§ Try it: What you output must be the exact lines from the first line of the data through the one holding "I don't listen", with no pictures.

Data entries
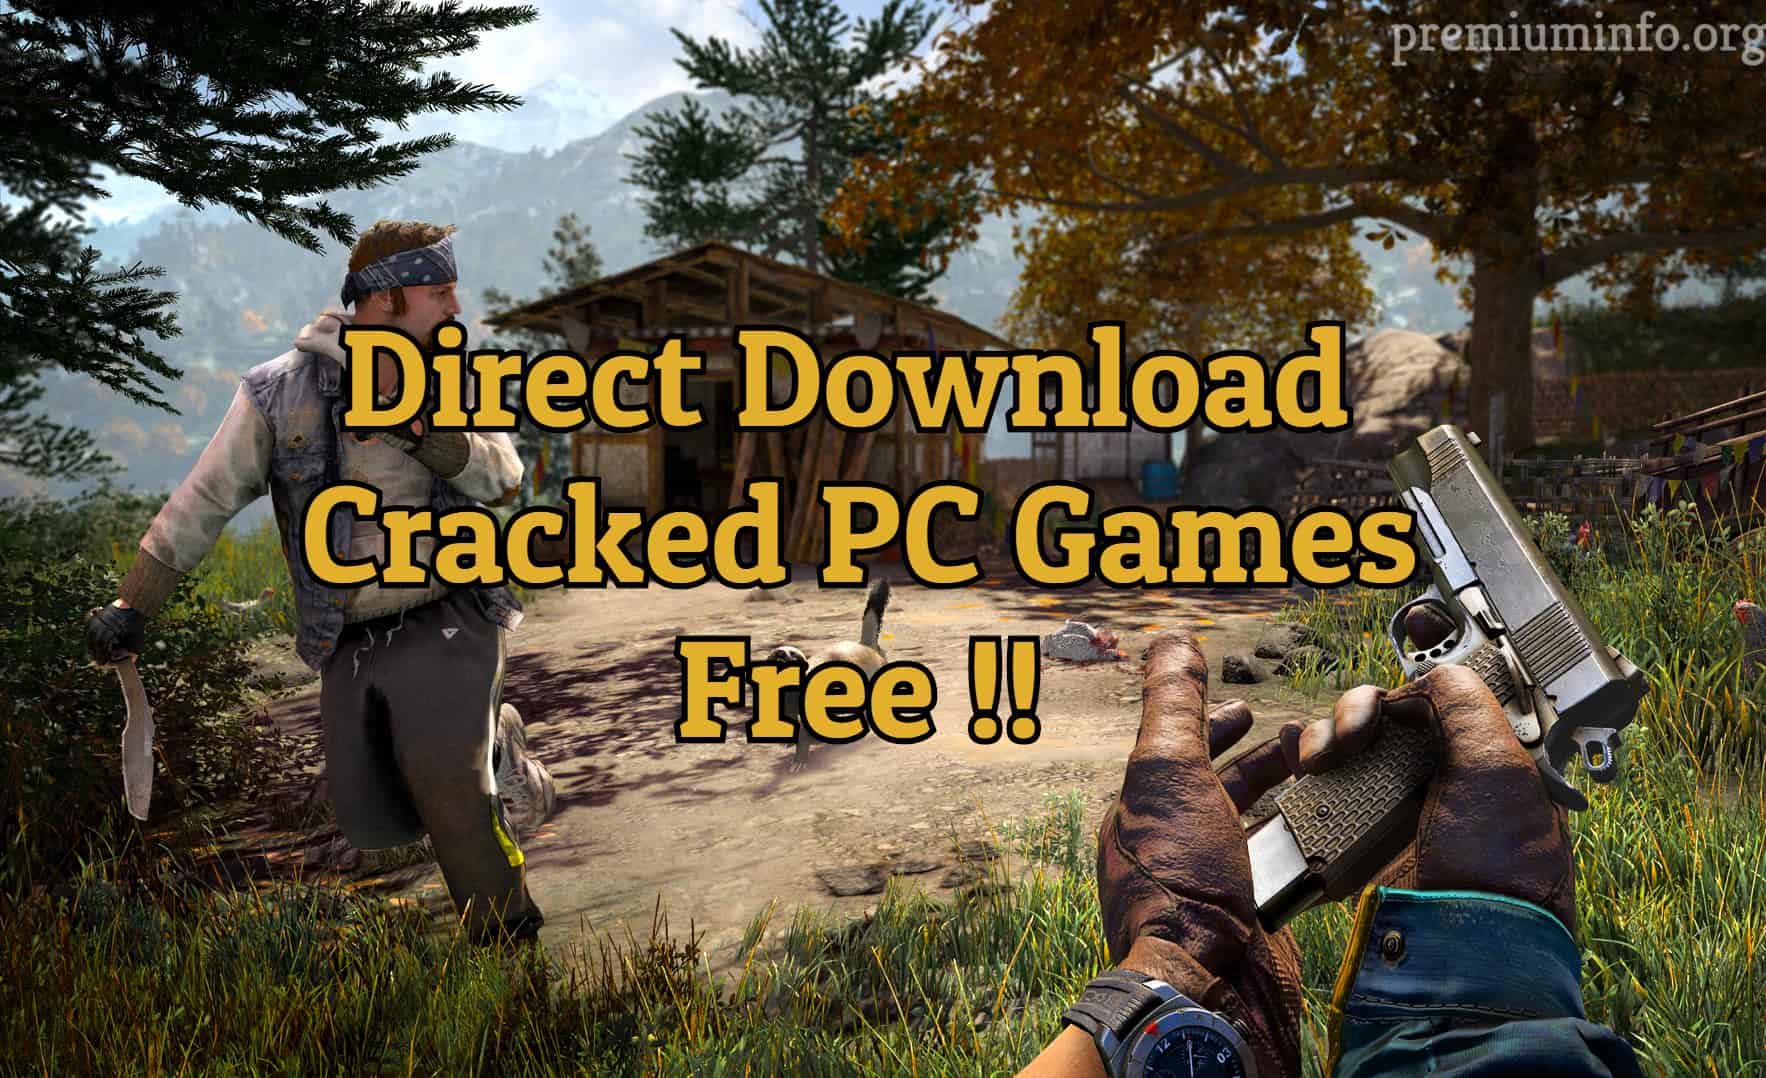 Best Sites to Download Cracked PC Games For Windows 7/8/8.1/10 - PremiumInfo
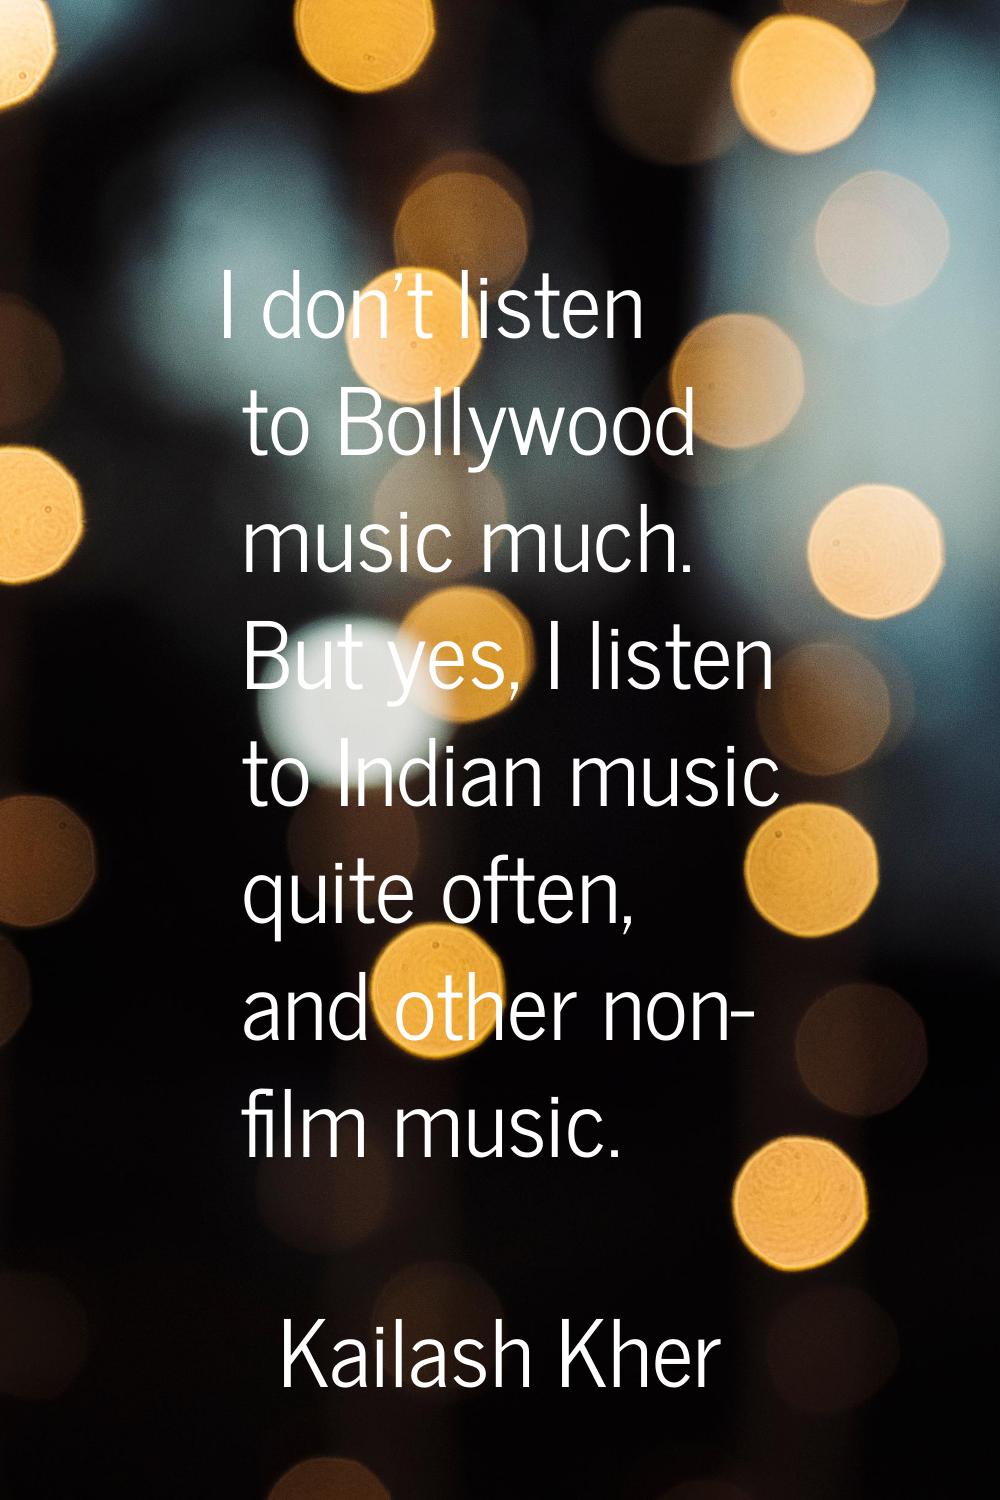 I don't listen to Bollywood music much. But yes, I listen to Indian music quite often, and other no
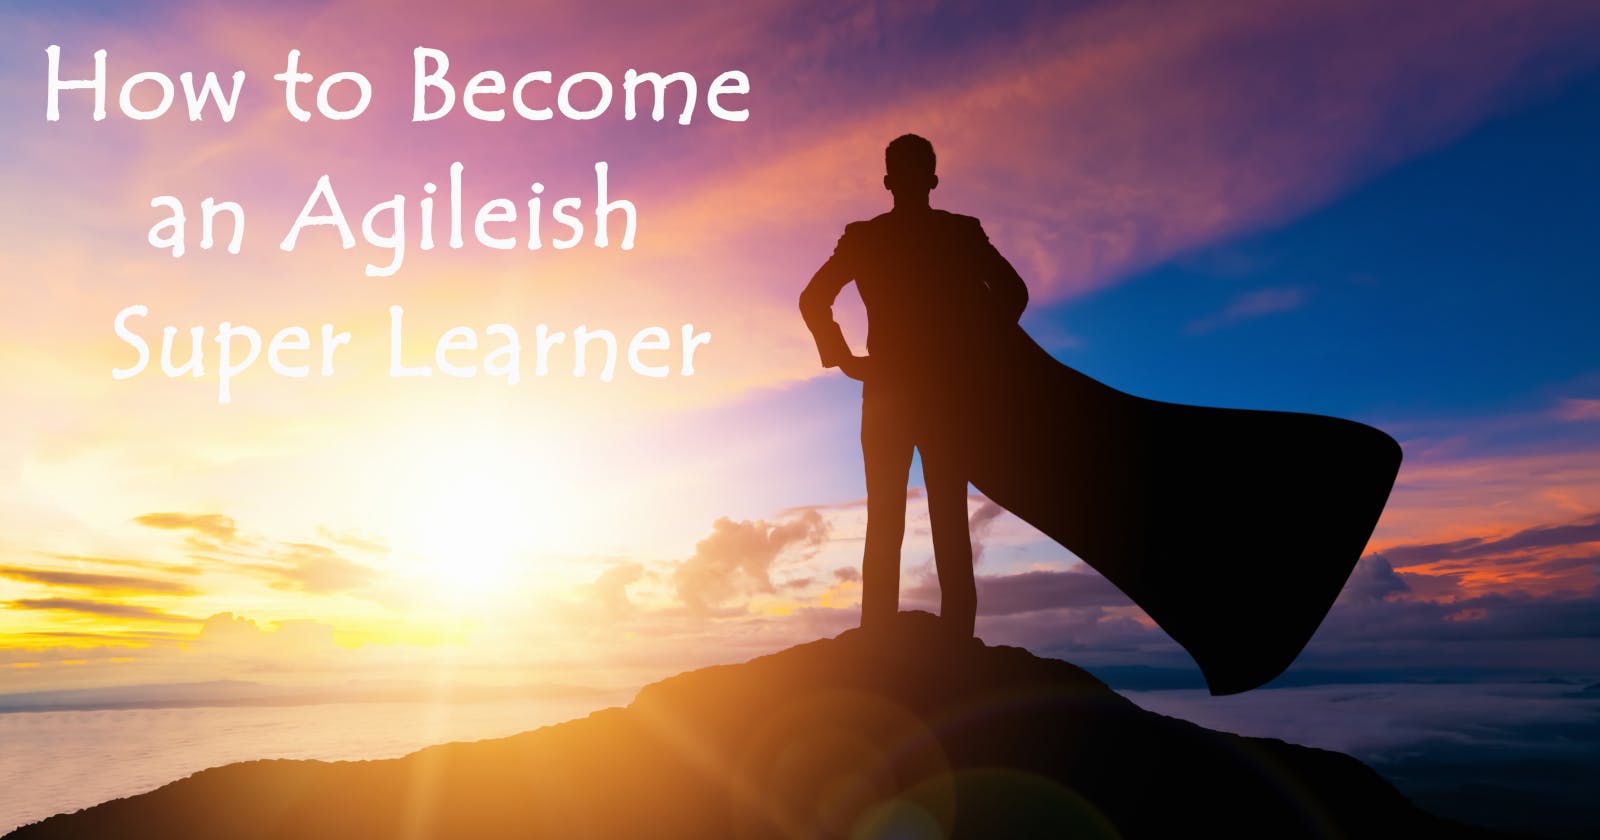 How You Can Become An Agileish Super Learner AKA How You Can Become A Super Thinker AKA The Proof Of Concept (POC)
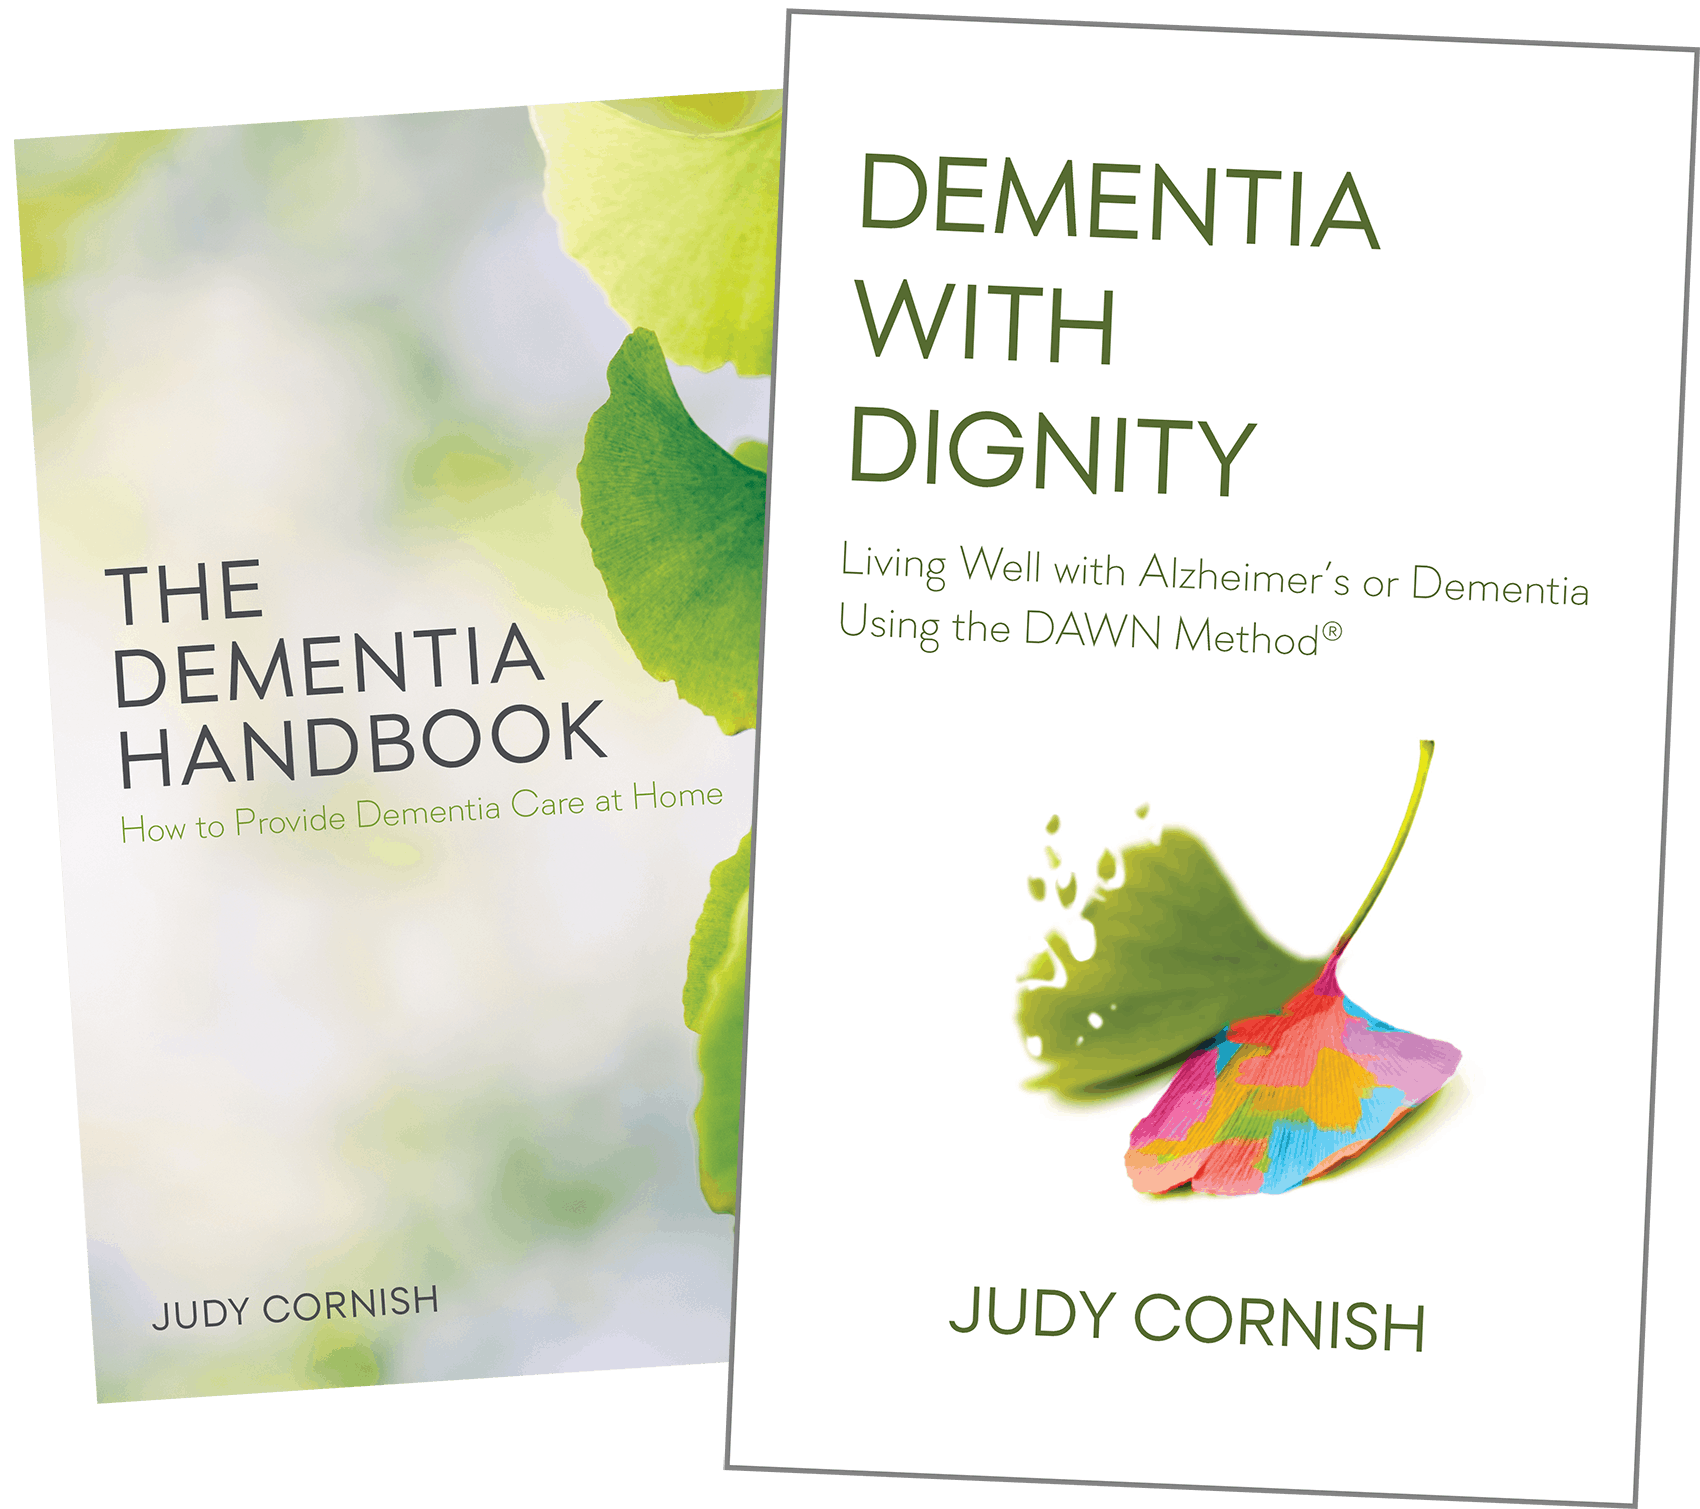 Dementia with Dignity book
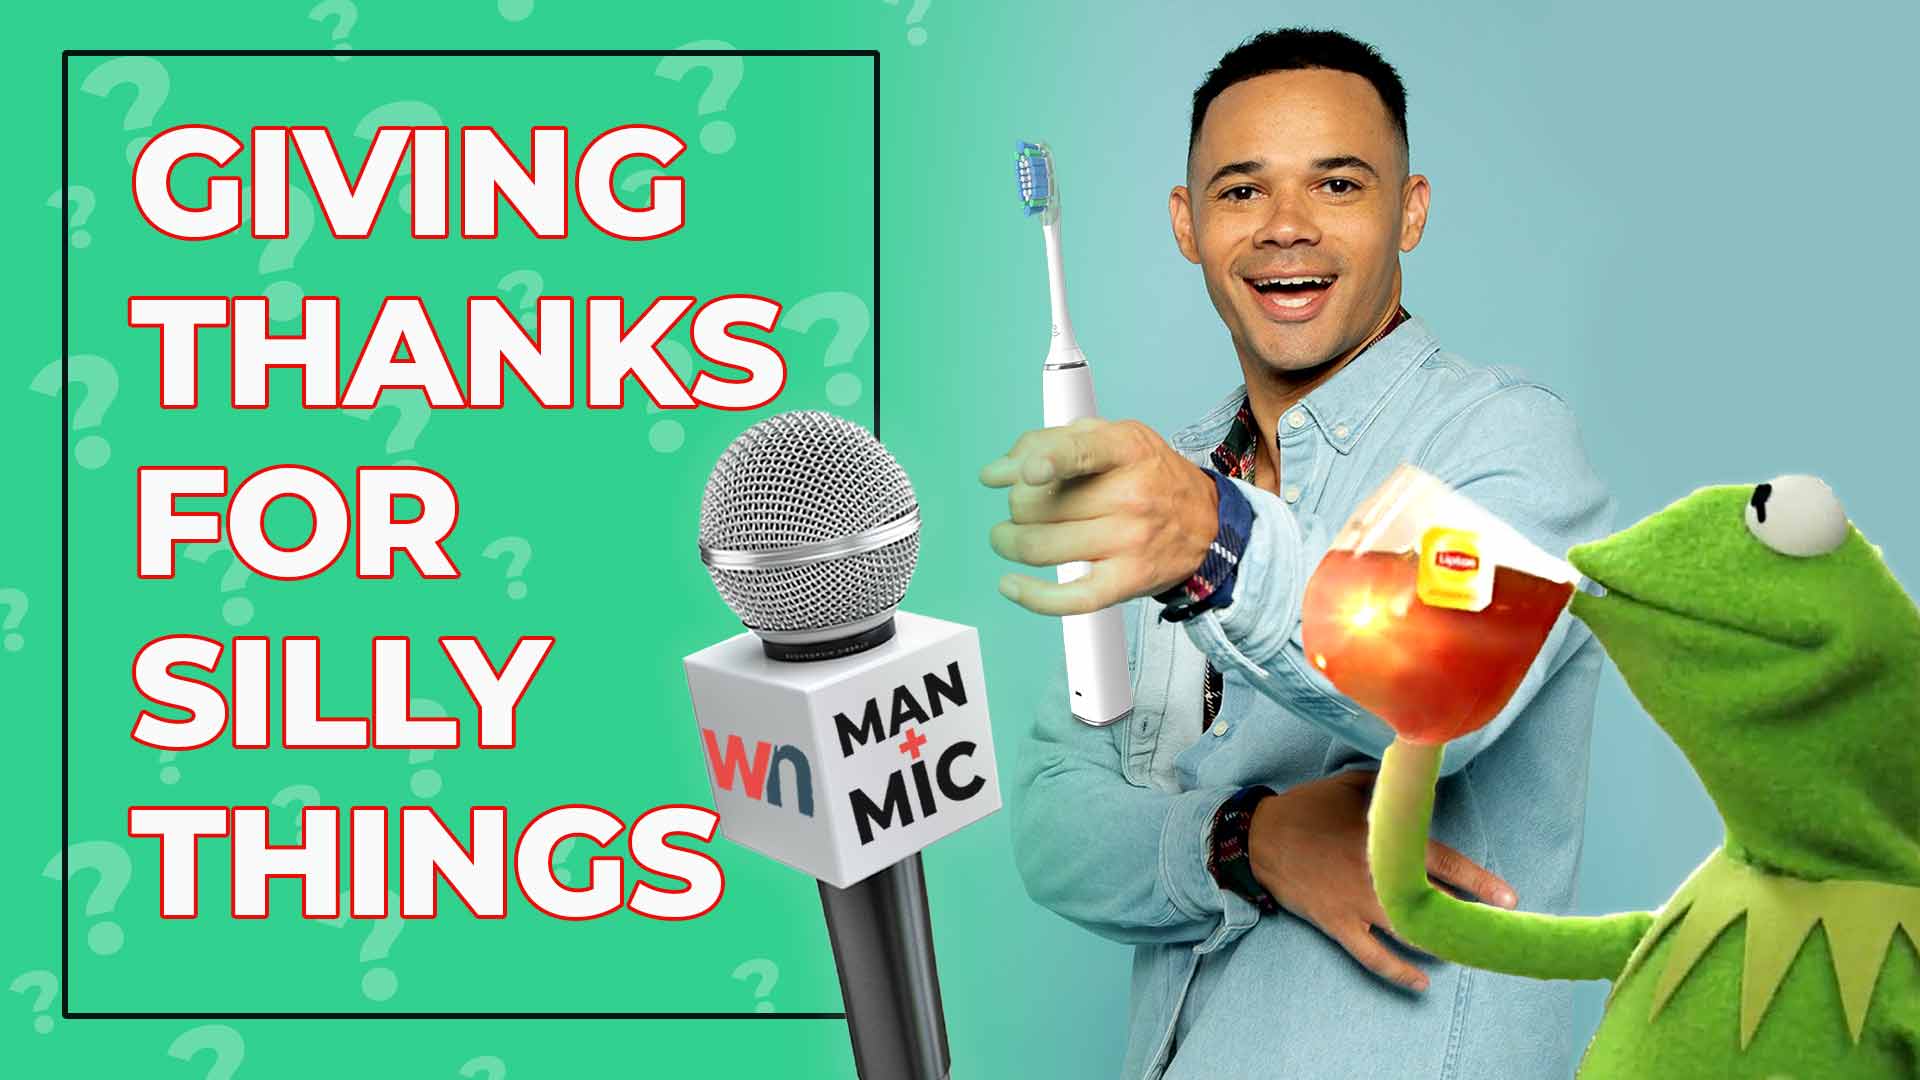 20 Silly Things Christian Artists are Thankful for | Tauren Wells

§ Final answer:
 Best Sites to Download Cracked PC Games For Windows 7/8/8.1/10 - PremiumInfo
 I don't listen to Bollywood music much. But yes, I listen to Indian music quite often, and other no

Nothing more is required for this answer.